Biohacker seeking immortality afflicted with incurable 'stomach eating' disease

36 points by ferryth 2 hours ago on hackernews | 57 comments

(LifeSiteNews) — A wealthy entrepreneur who spends more than $2 million a year and who has received blood from his teenage son and other young persons in his quest to achieve immortality, or at least stave off aging, reports that he has developed a rare disease that he says is causing “My stomach to eat itself.” 

Biohacker Bryan Johnson, founder of online payments company Braintree, announced on social media that he has been diagnosed with autoimmune gastritis (AIG), an incurable autoimmune disease.   

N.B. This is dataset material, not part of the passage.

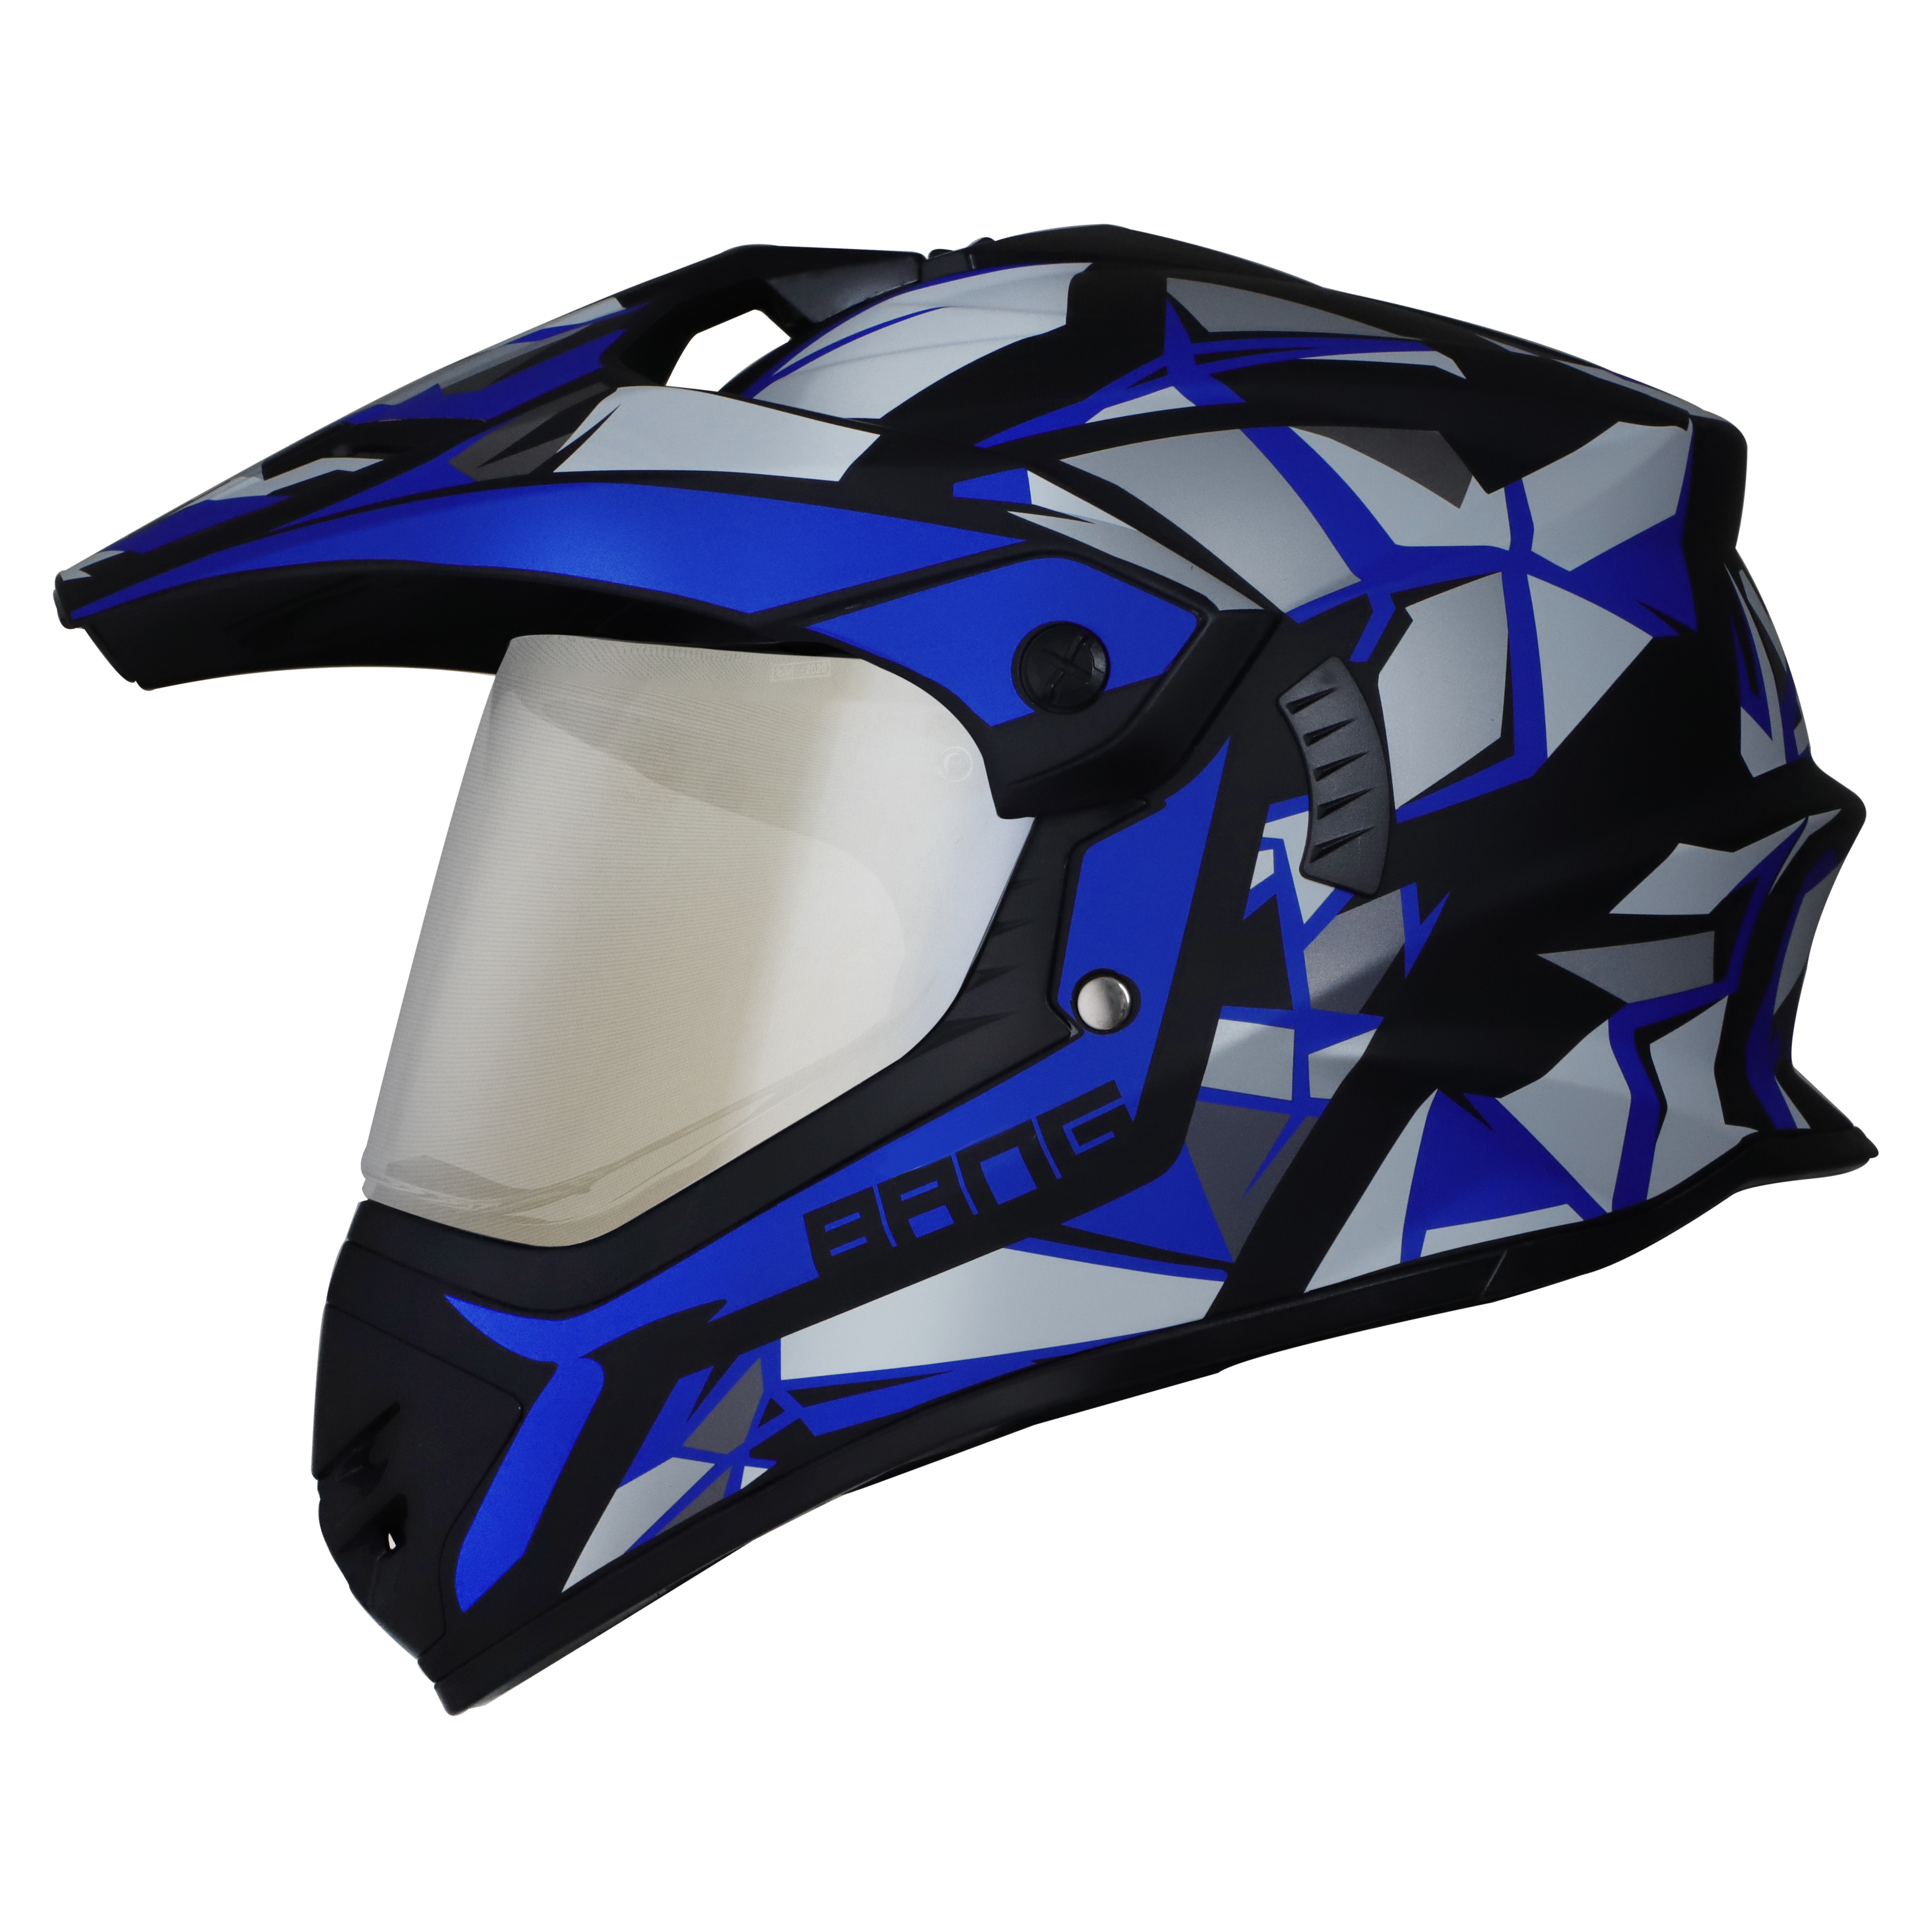 Steelbird Off Road Bang KTN ISI Certified ABS Material Shell Motocross Helmet (Matt Black Blue With Chrome Silver Visor)

In a lengthy, nearly 2,000-word post on X, Johnson said, “My stomach is eating itself,” but declared that is “going to try and solve it.”

“AIG causes irreversible damage: nutritional deficiency, anemia, and over a long horizon, elevated cancer risk,” Johnson said. “When AIG is discovered today, standard medical care concedes defeat, stating that nothing can be done except managing the condition, no matter how awful or lethal the effects.”

In 2023, news emerged that Johnson had recruited his then-17-year-old son, Talmage, to provide a full liter of his blood that was separated into a batch of liquid plasma and then a batch of red blood cells, white blood cells, and platelets, according to a Bloomberg report. 

His son’s plasma was then infused into his veins.

Johnson had previously received blood transfusions from young anonymous donors with the goal of reversing the aging process.

According to Bloomberg, Johnson personally screened the donors in order to ensure they had an ideal body mass index, were free of diseases, and lived a healthy lifestyle.

“As well as blood transfusions, Johnson follows a strict daily routine that includes monitoring his body fat, heart rate variability, blood, stool samples, and the number of erections he has per night,” a May 2023 Fortune report explained. “Every day he also takes two dozen medicines at 5 a.m., consumes 1,977 ‘vegan calories,’ and exercises for an hour before using blue-light-evasive glasses and hitting the hay.”

Elsewhere, Johnson has stated that he takes 54 pills each day. 

He has also had himself injected with “gene therapy.”

Johnson founded Braintree, an e-commerce company that he sold to PayPal for a reported $800 million in 2013. 

He has amassed 1.5 million followers on X, 2.6 million followers on Instagram and 2.2 million subscribers on YouTube, all of whom are interested in following his crusade to discover the fountain of youth. 

Since early last year, Netflix has streamed a 1.5-hour documentary about Johnson’s longevity quest titled Don’t Die: The Man Who Wants to Live Forever. 

“As a species, we accept our inevitable decay, decline, and death,” Johnson said at the outset of the film. “I want to argue that the opposite should be true.”

He says he wants to “neutralize aging.”

Johnson claims that through his “Project Blueprint” he has achieved metabolic health equal to the top 1.5% of 18-year-olds, inflammation 66% lower than the average 10-year-old, and reduced his speed of aging by the equivalent of 31 years.